A questo punto non vi resta che prendere una tortiera a cerniera (io ho usato una con diametro 28 cm) e comporre la vostra torta fredda, mettete i biscotti alla base e bagnateli con un cucchiaio o se preferite inzuppateli dalla parte non zuccherata, mettete ai lati gli altri savoiardi, che non vanno inzuppati. Io ho spezzato i savoiardi che vanno in verticale di circa 3 cm (conservando questi pezzetti per il secondo strato).  Ora aggiungete metà della crema e con i pezzetti avanzati dei savoiardi fate un altro strato inzuppandoli prima nella bagna.

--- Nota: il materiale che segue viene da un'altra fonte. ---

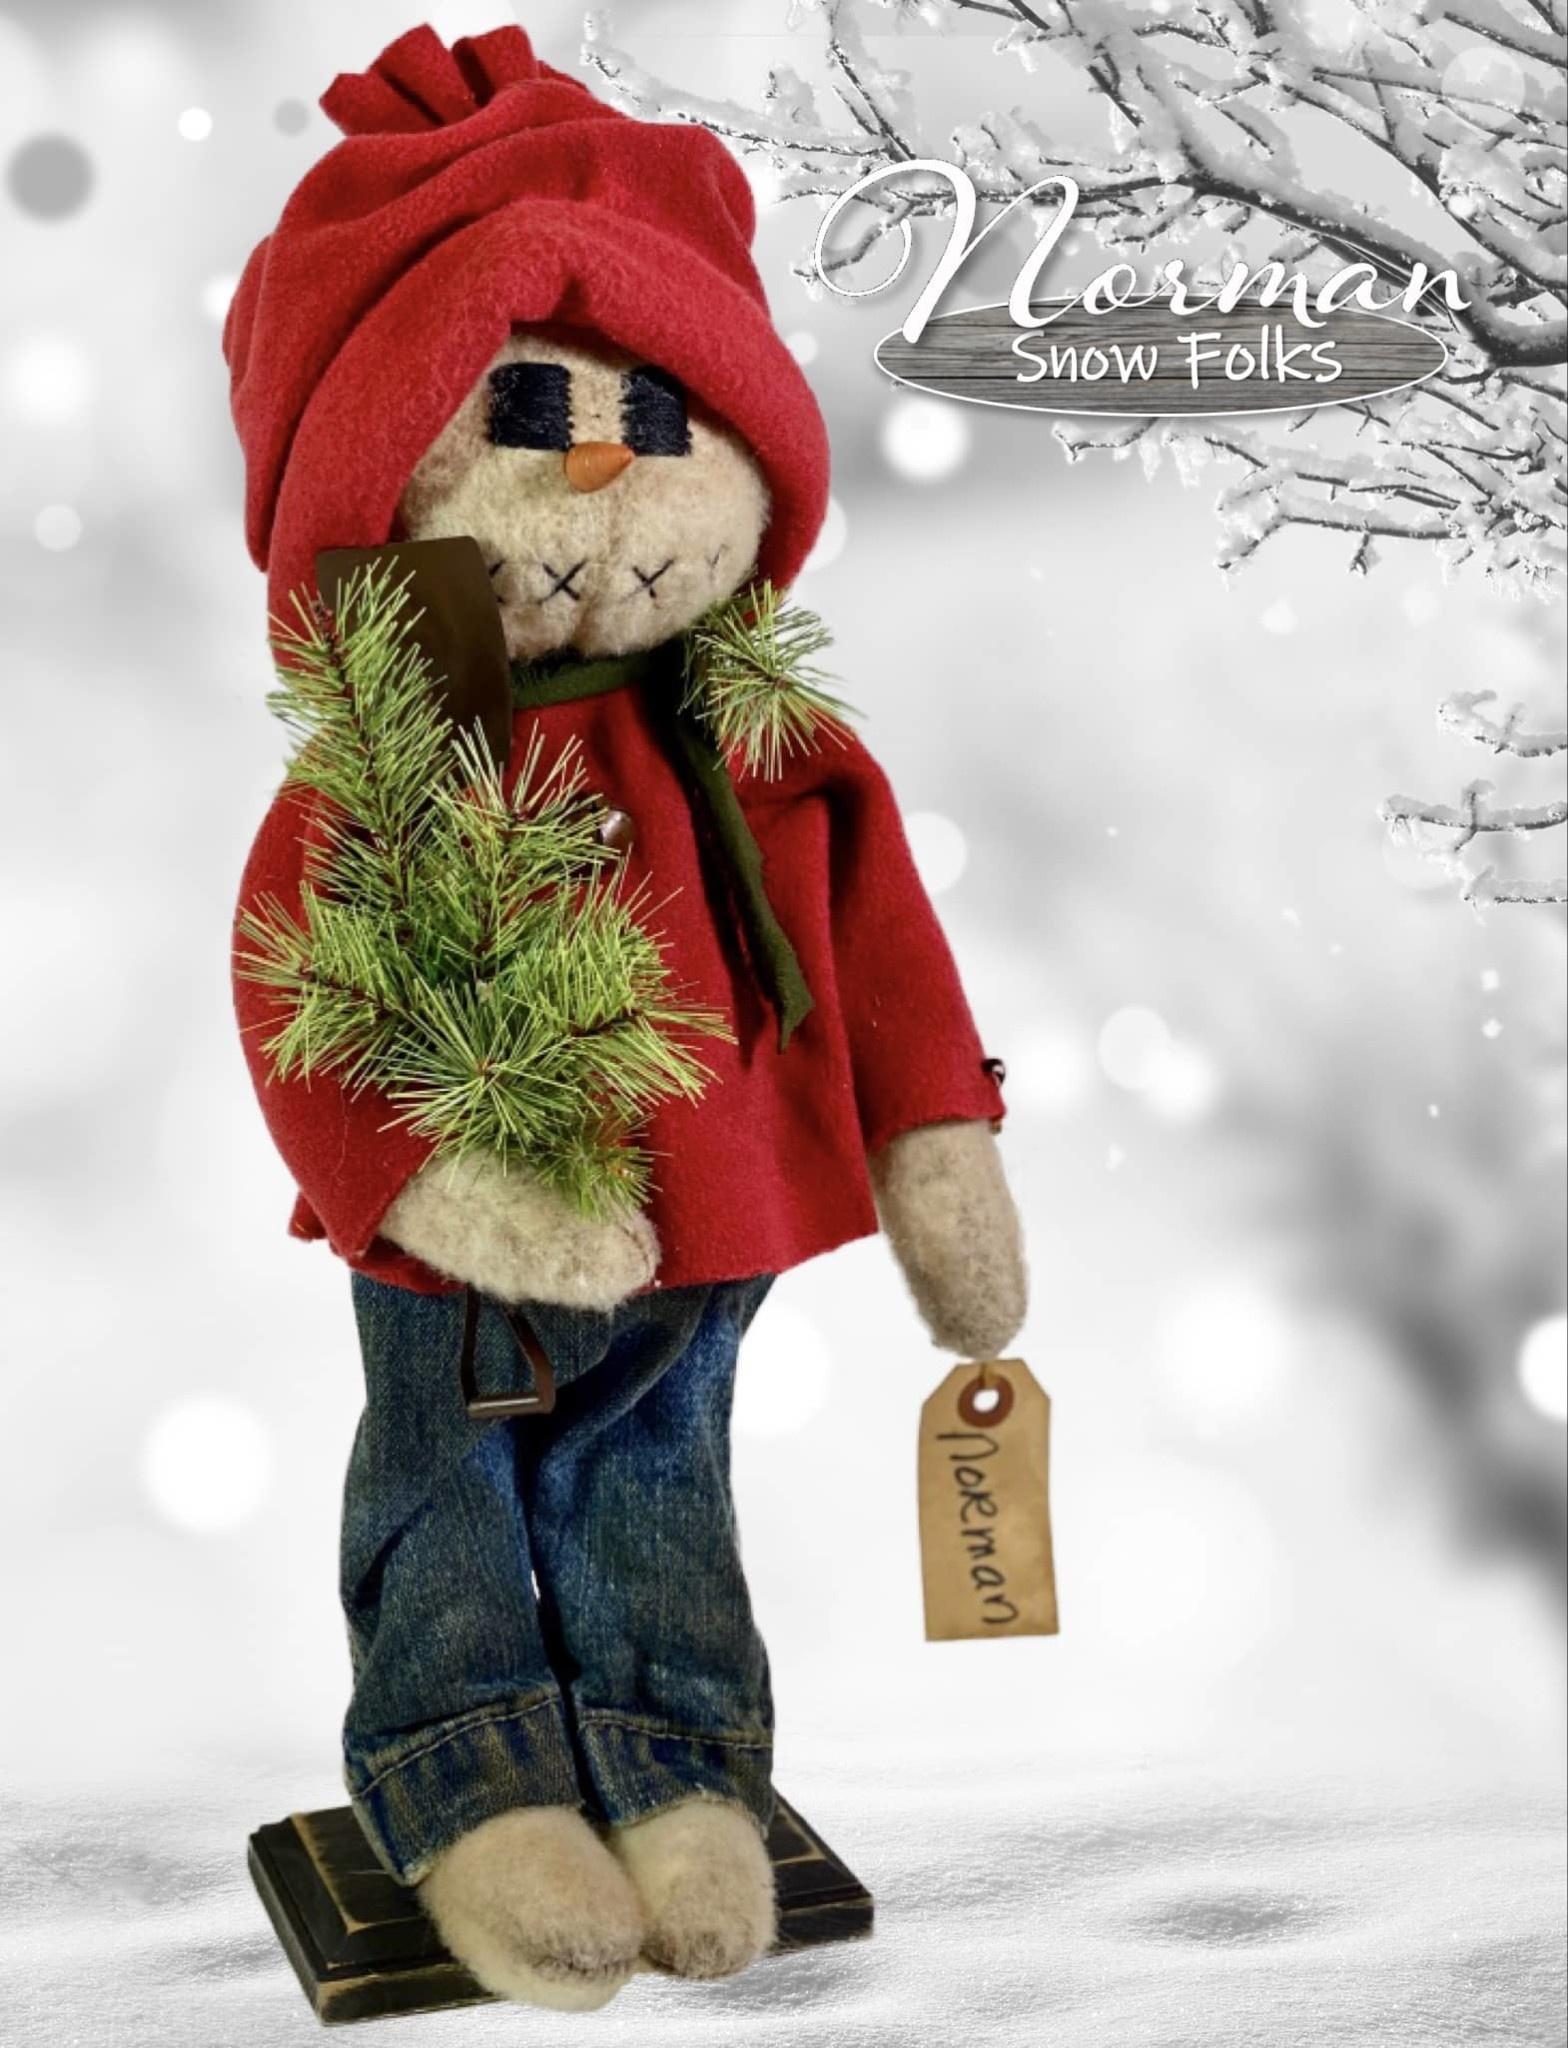 Nana's Farmhouse Norman Snow Boy w/Shovel & Greens

Decorate a vostro piacimento con la panna, e conservate in frigo per almeno due ore.
Aspettato il tempo necessario potete adagiare la torta su un’alzatina o un piatto da portata, togliere la cerniera delicatamente e aggiungere le decorazioni.

Io ho decorato con un nastrino attorno ai savoiardi, ho aggiunto le fragole rimaste, e dato che è oggi è il primo giorno di primavera ho aggiunto delle uova di cioccolato colorate al centro, formando una sorta di nido, ho dato un tocco di colore in più con delle palline di cioccolato colorate e scagliette di cioccolato fondente.

Vi assicuro che può sembrare complicato, ma non lo è affatto!!! Fatemi sapere se la preparate e quali ingredienti avete usato.

Buon inizio di primavera!!!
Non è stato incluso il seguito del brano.